A monk, a fox and the King of Dreams

Wednesday, June 18. 2008

The Sandman: The Dream Hunters
Neil Gaiman/ Yoshitaka Amano
Vertigo 1999
128 p.

I have a confession to make. Before reading The Sandman: The Dream Hunters I had never read anything by Neil Gaiman. As Fashion so accurately remarked a while ago, it is a shame. I am aware of it and I ought to feel dreadful about it, even more so as my favourite geek owns a copy of many of his books and I would perfectly be able to name most of them. But you know the saying „So many books, so little time“ and so it came that The Dream Hunters, which I purchased in Sweden at my beloved SF Bokhandeln, was my first Gaiman. „But why?“, you probably wonder, dear readers, „didn't you pick the first volume of the Sandman series instead?
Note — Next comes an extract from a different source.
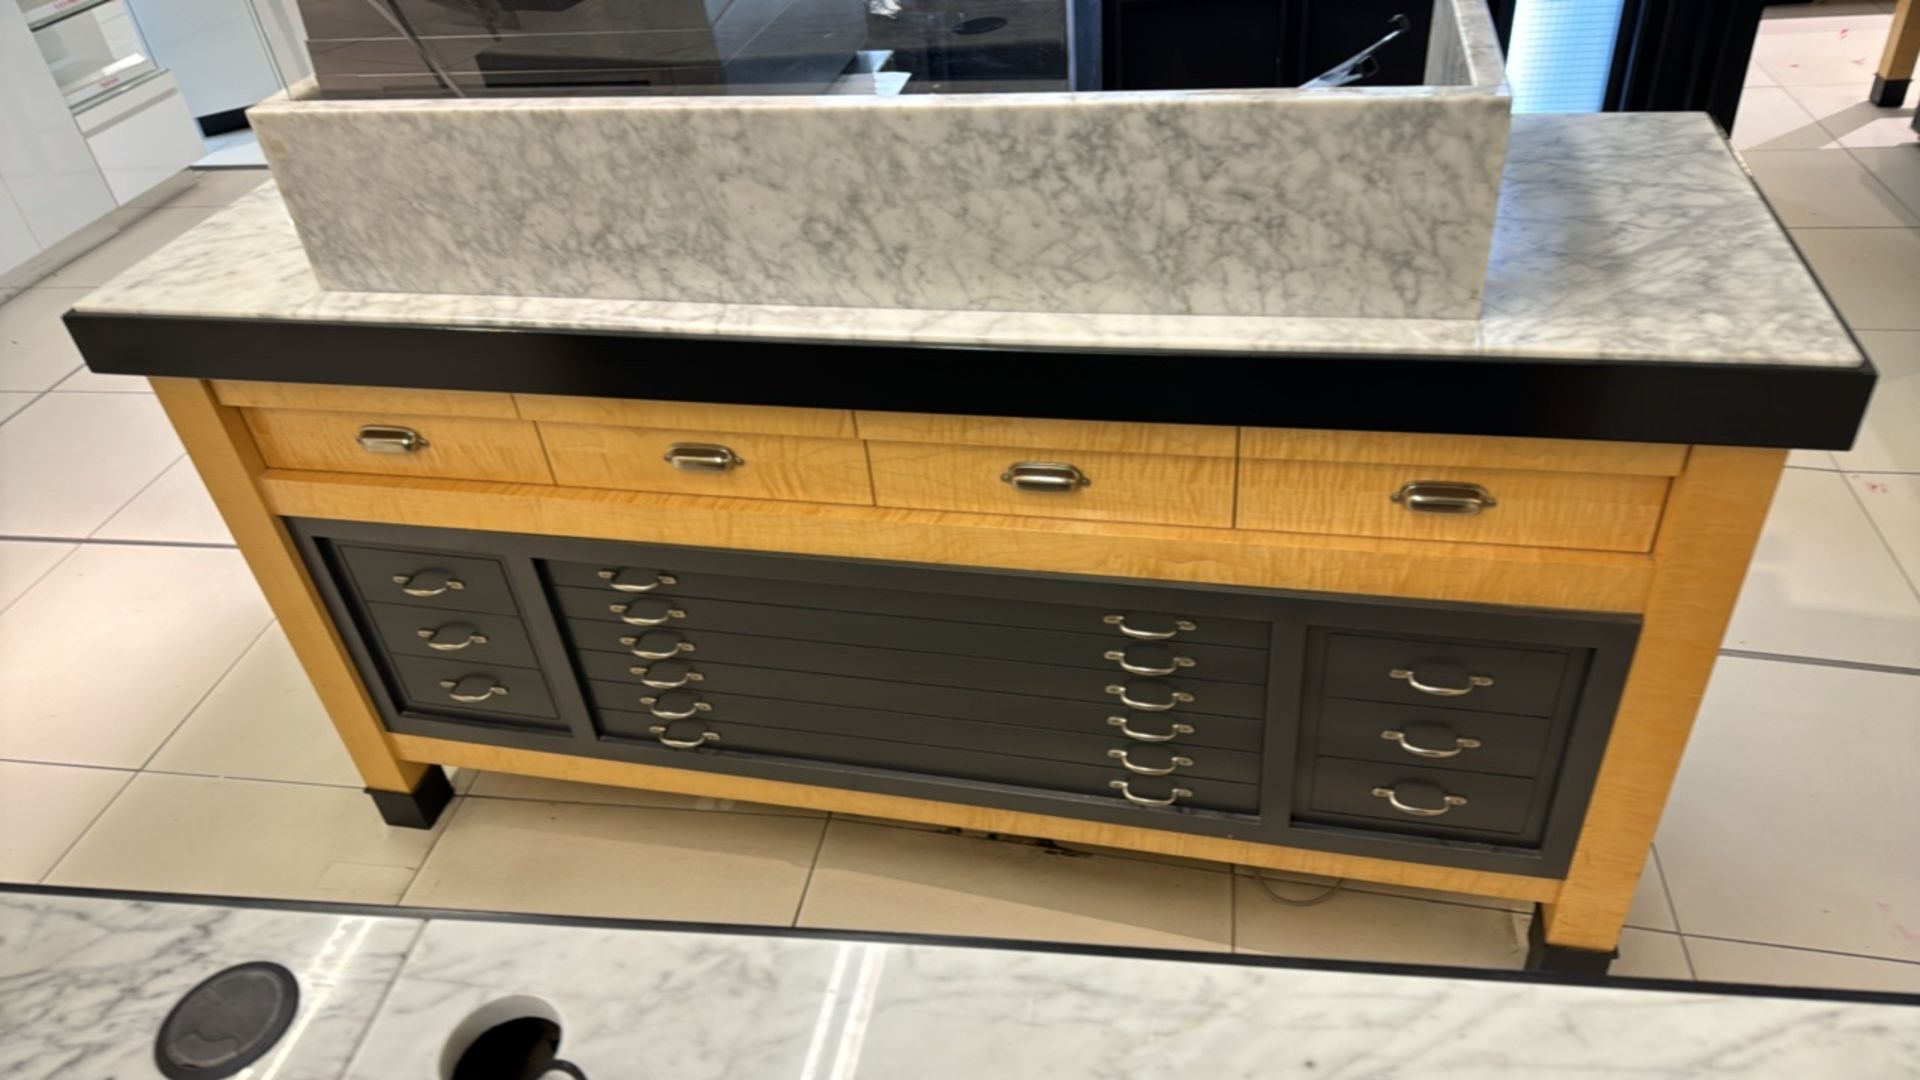 Wooden Table Display with Marble Top and Storage Drawers - Image 2 of 4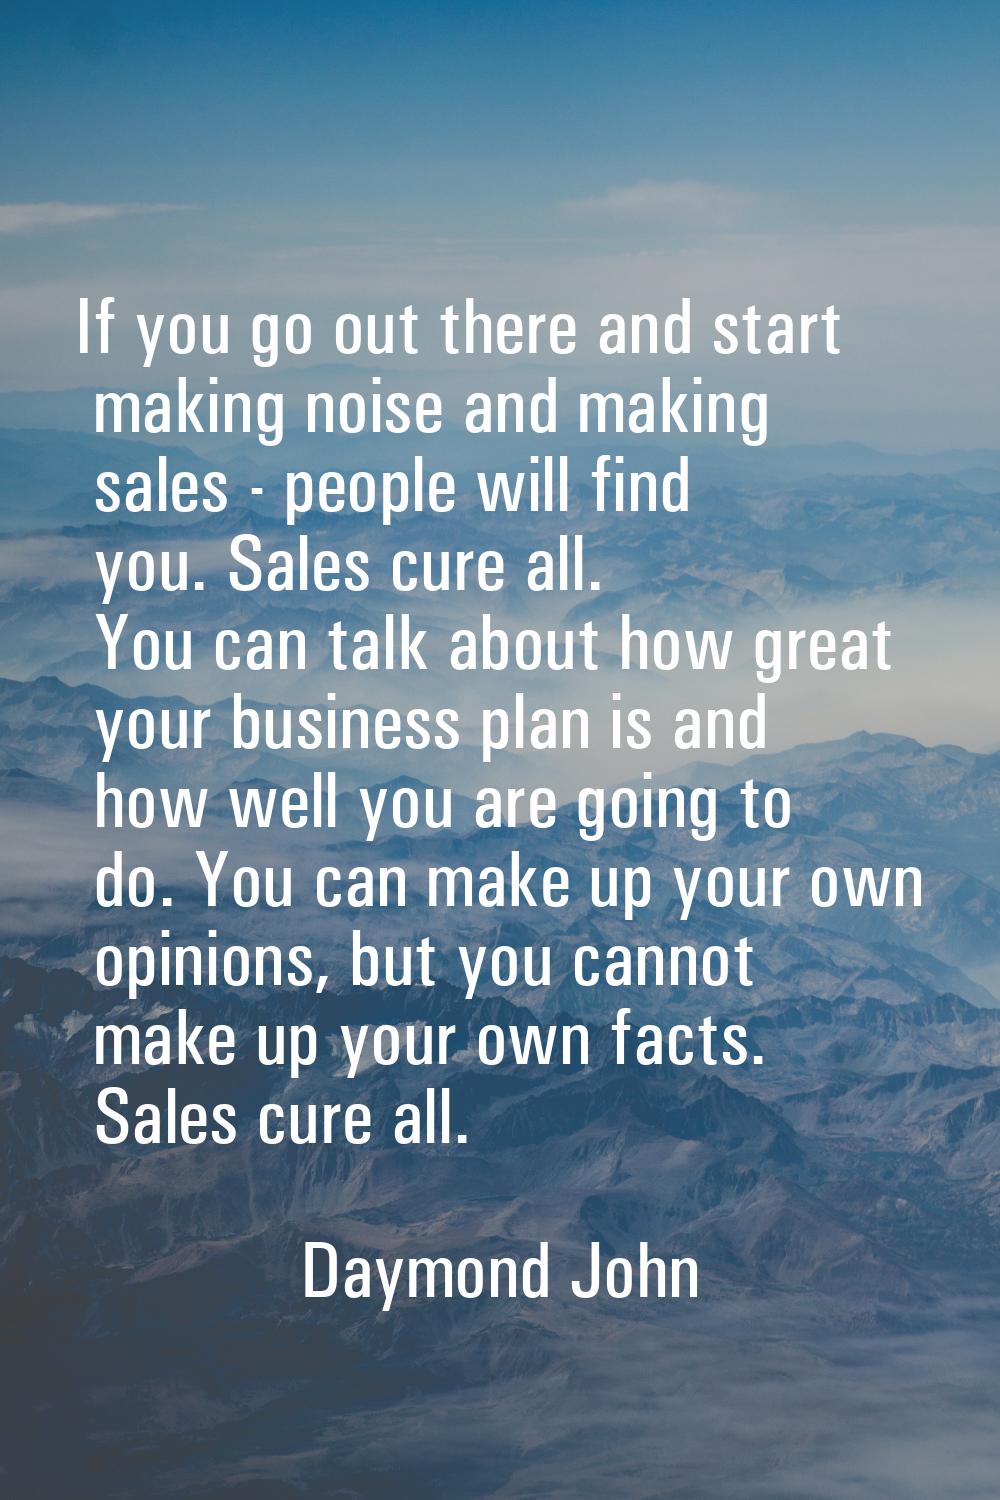 If you go out there and start making noise and making sales - people will find you. Sales cure all.

It would have been more logical, if you really wanted to discover the Sandman-world.“ So true, so true, dear readers, it is a excellent question to which I can provide a simple answer. I'm extremely sensitive to artwork and colours and, as much as I like many mangaka and French or Belgian bande dessinée illustrators, I've always disliked the combination of realistic lines and primary or flashy colours so often encountered by artists of the American comic tradition. Of course, there are exceptions – such as Bill Watterson for instance, whose work I truly love – but the illustrators who worked on The Sandman unfortunately don't belong to them. „And what is so different about The Dream Hunters?“, you probably want to ask next. Well, first it is an illustrated novella rather than a graphic novel, and it is illustrated by Yoshitaka Amano, who is Japanese and whose artwork I enjoy very much. And it is a spin-off, which can be read on its own without any further knowledge of the series, and it is inspired by Japanese folktales, which particularly appealed to me.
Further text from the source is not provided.